• _Recorded information_:
-*-

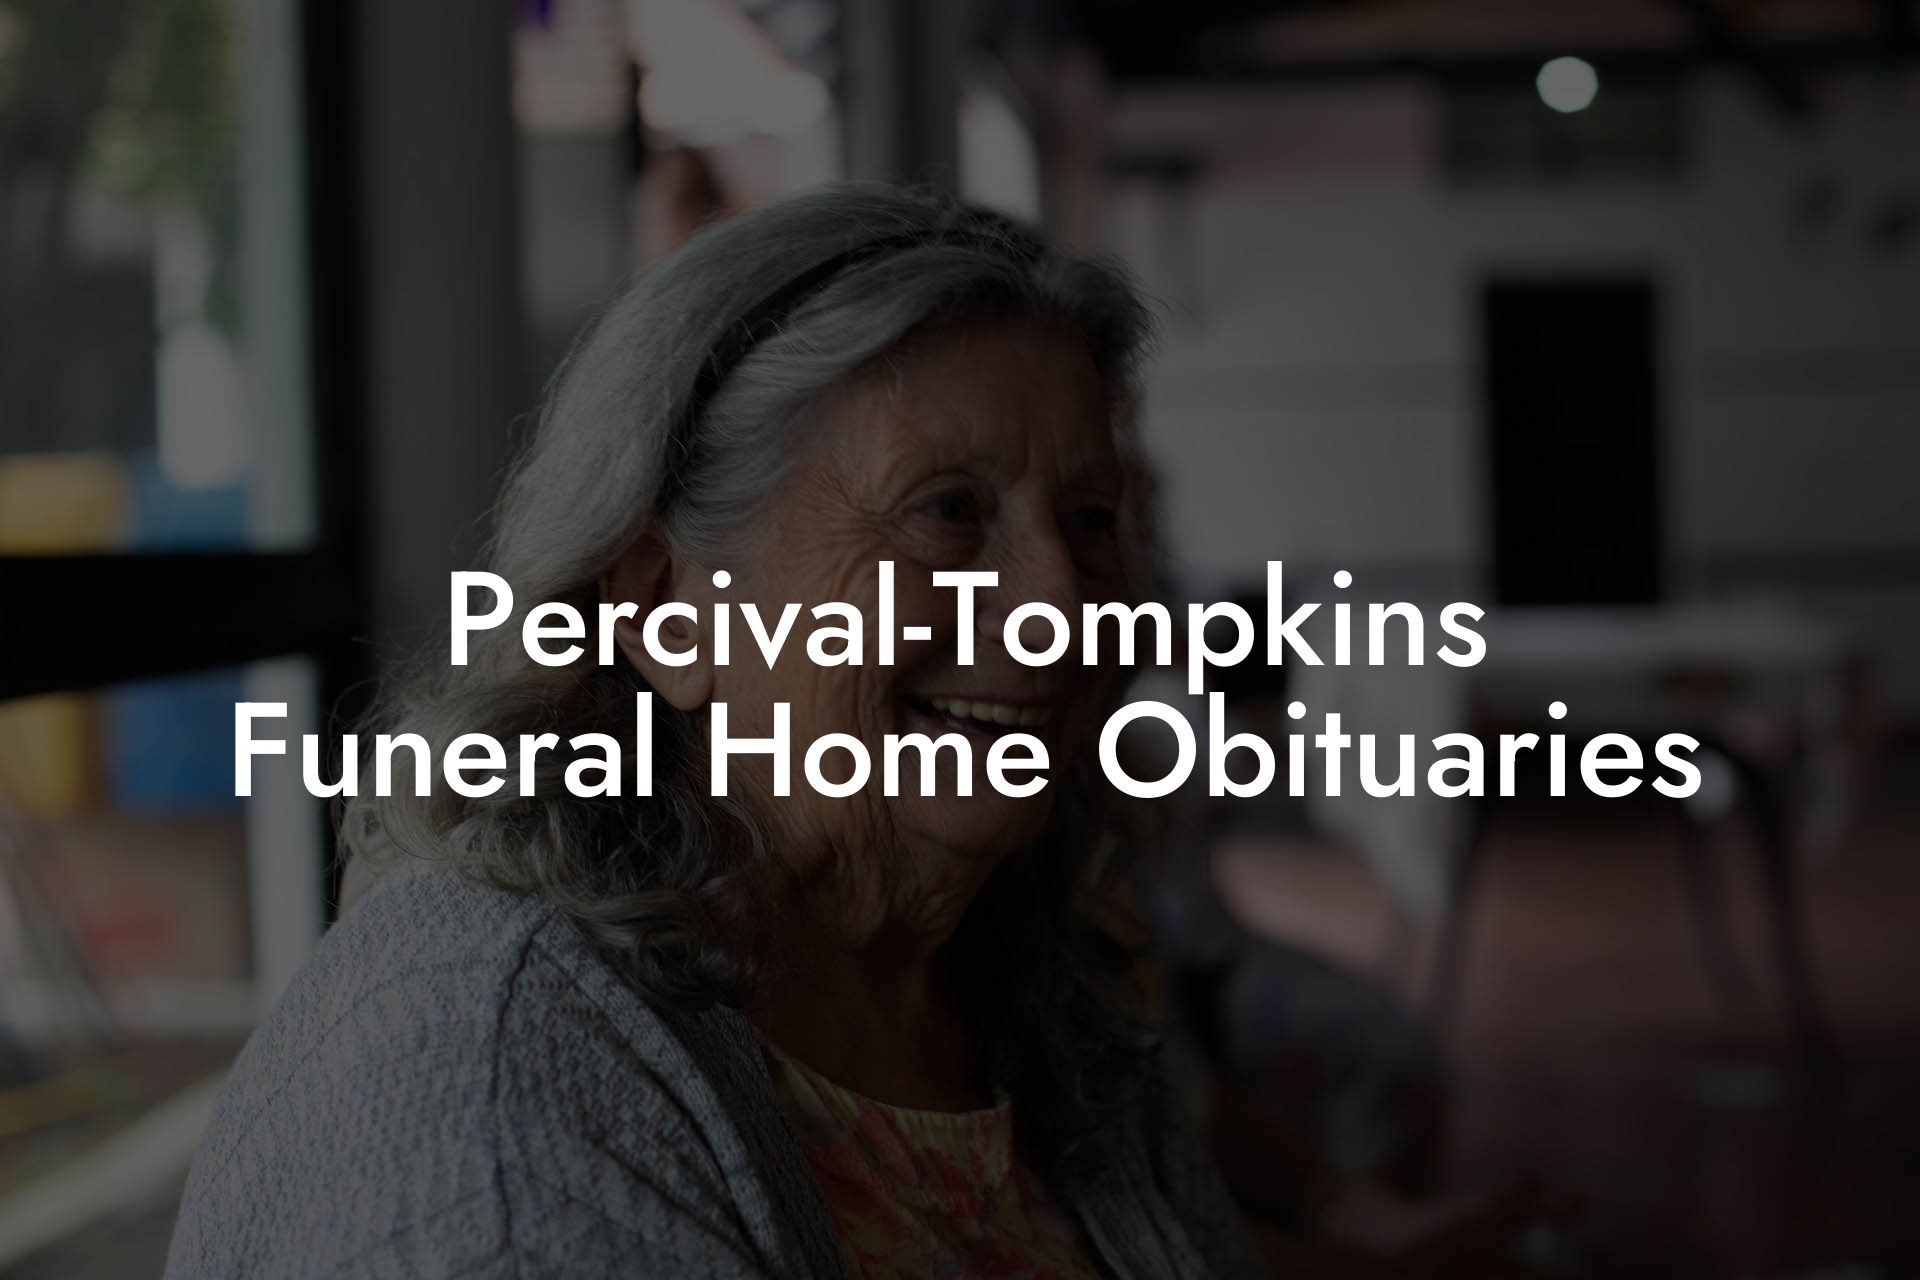 Percival-Tompkins Funeral Home Obituaries
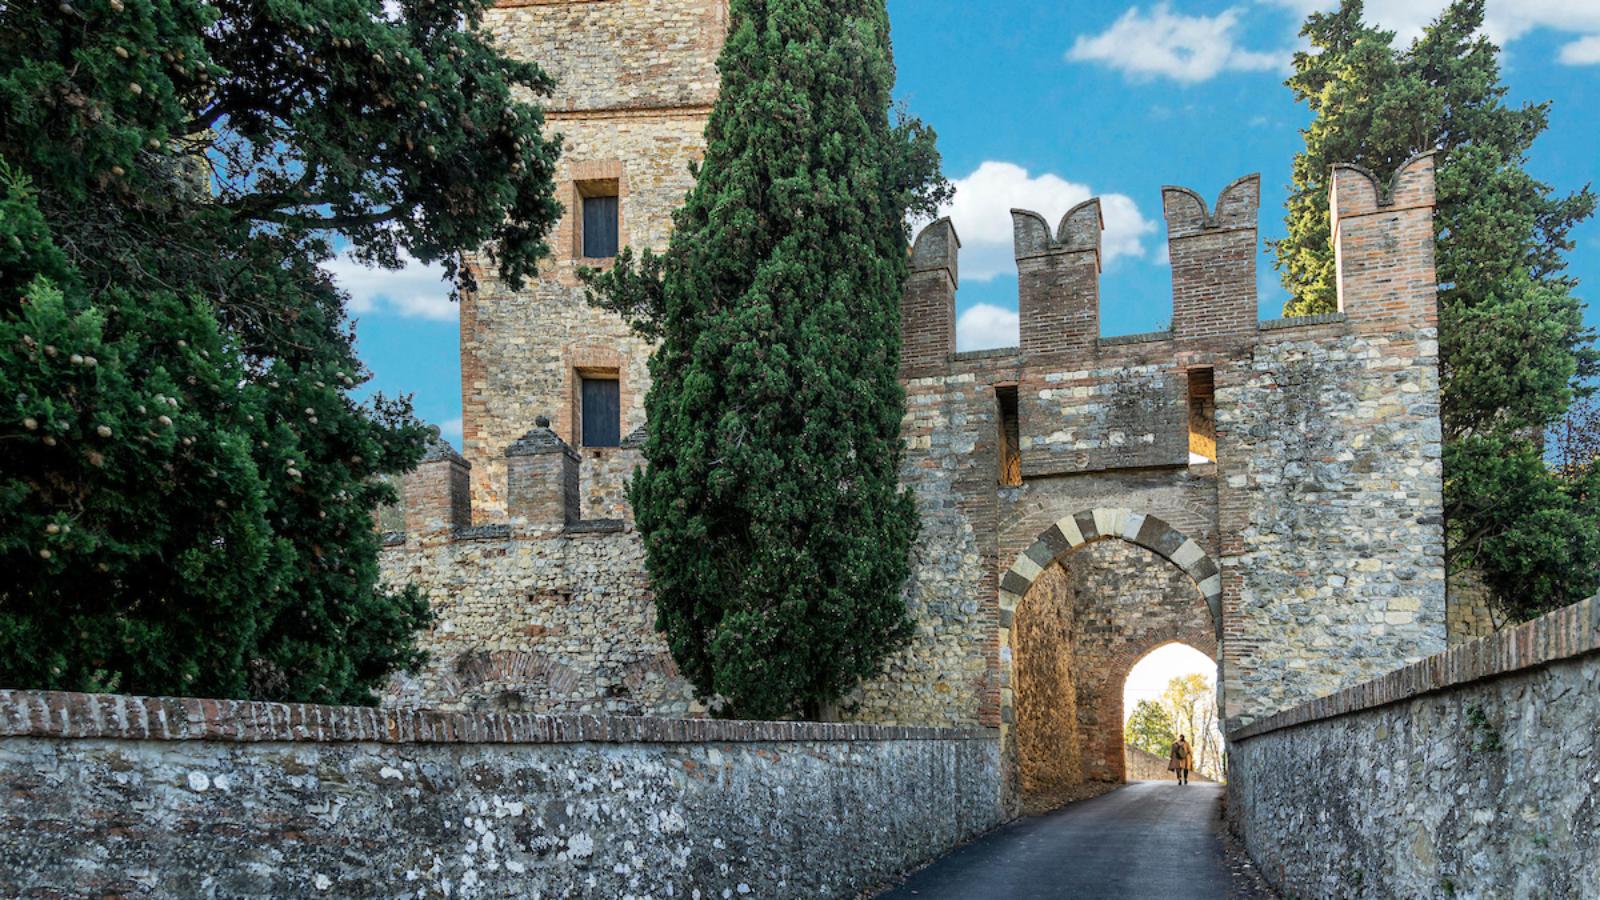 Castello di Serravalle ingresso del castello
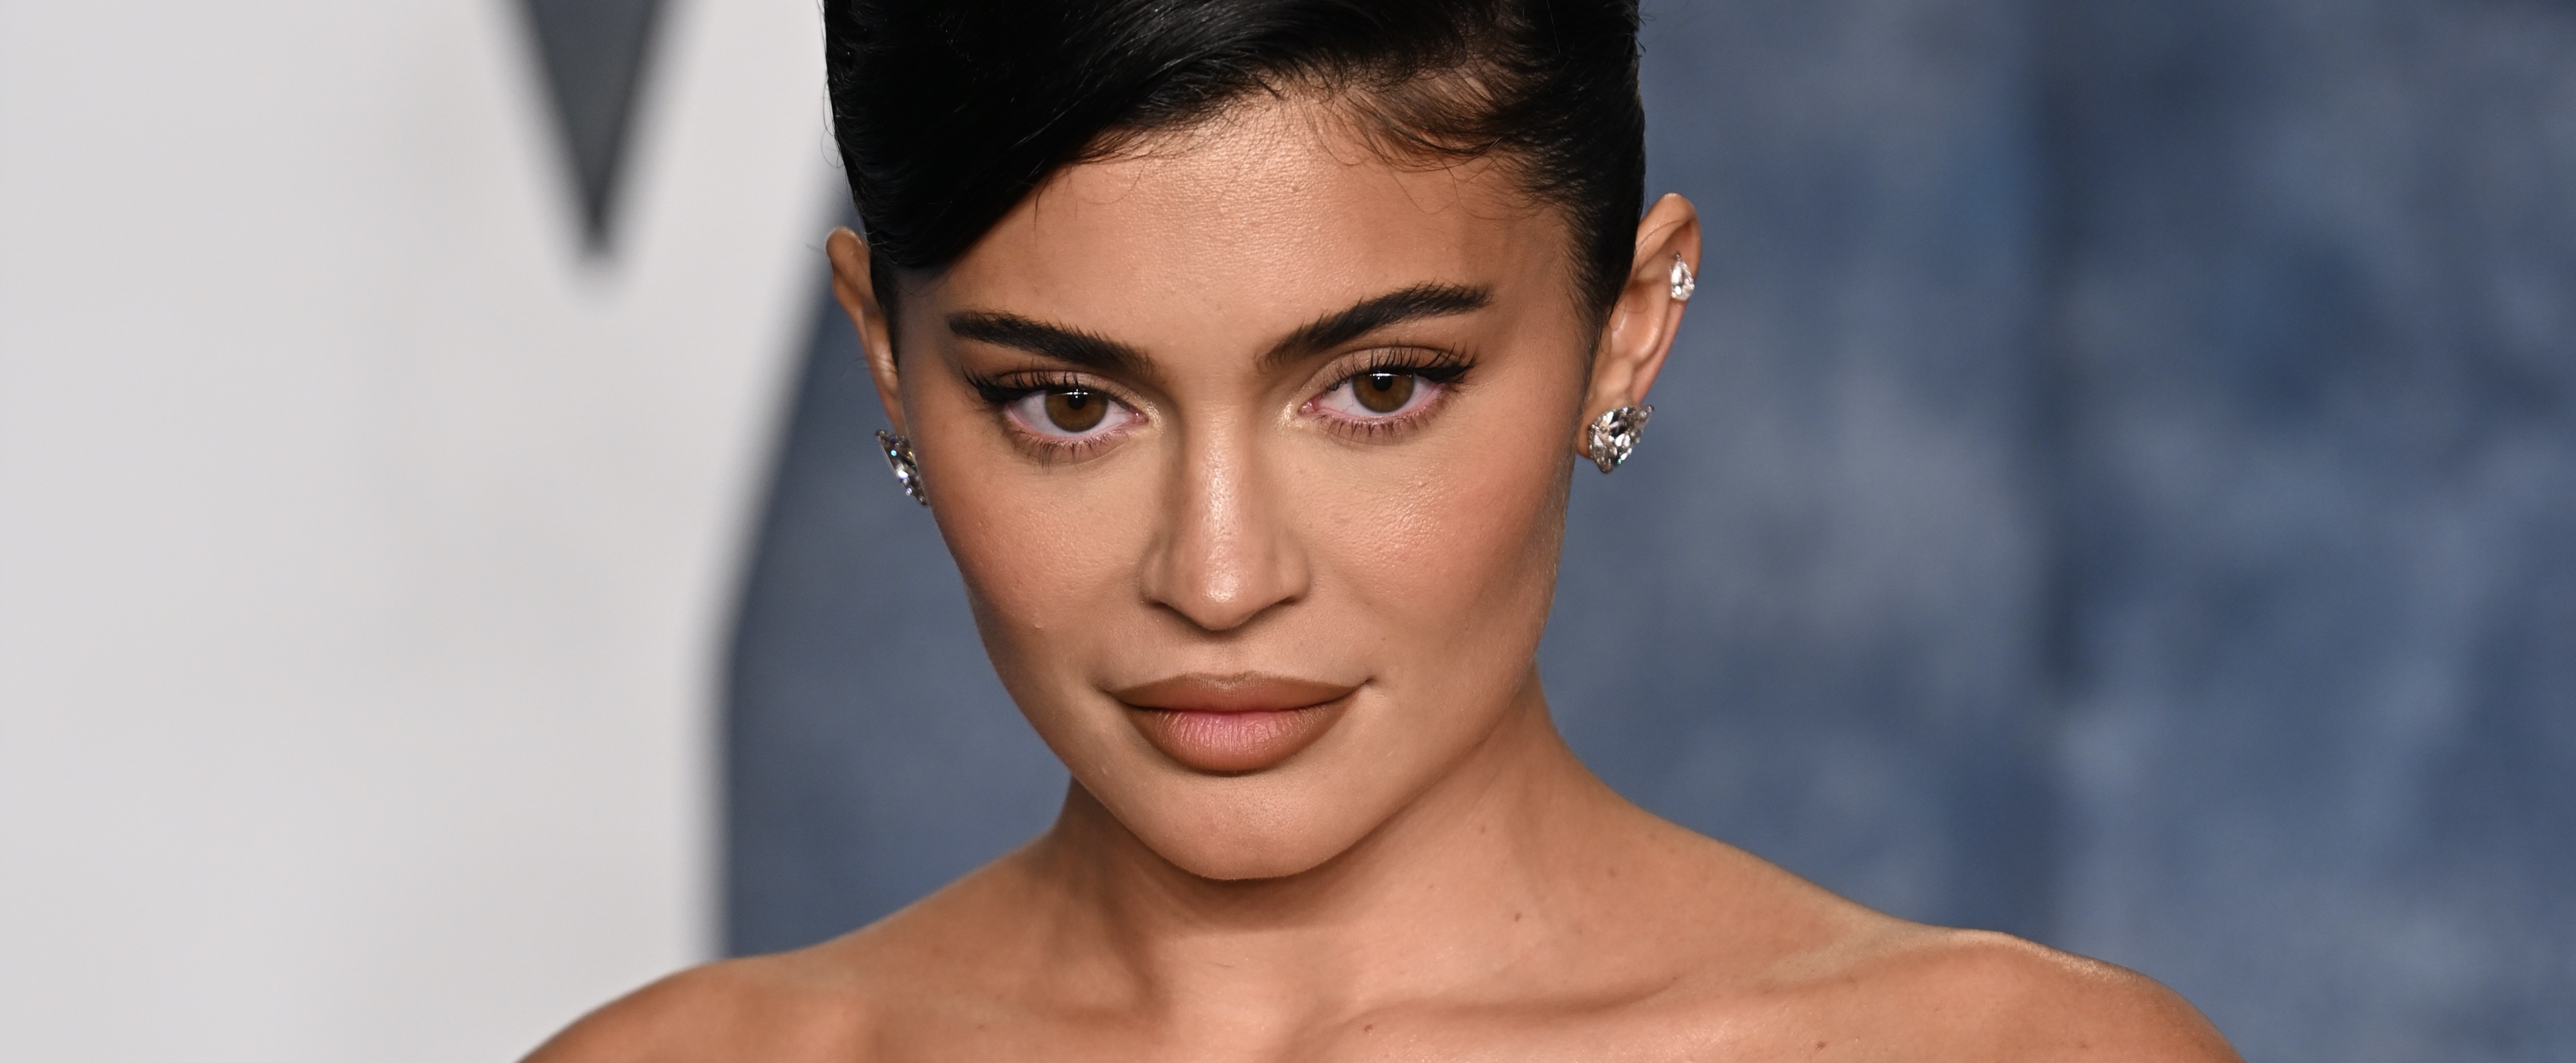 Celebrities hebben massaal een 'stinky face': hier komt ‘t door

-*-

• _Required work_: With pictures excluded, output the listing above exactly as it stands.

• _Result for this task_:
 Percival-Tompkins Funeral Home Obituaries
 Castello di Serravalle ingresso del castello
 Celebrities hebben massaal een 'stinky face': hier komt ‘t door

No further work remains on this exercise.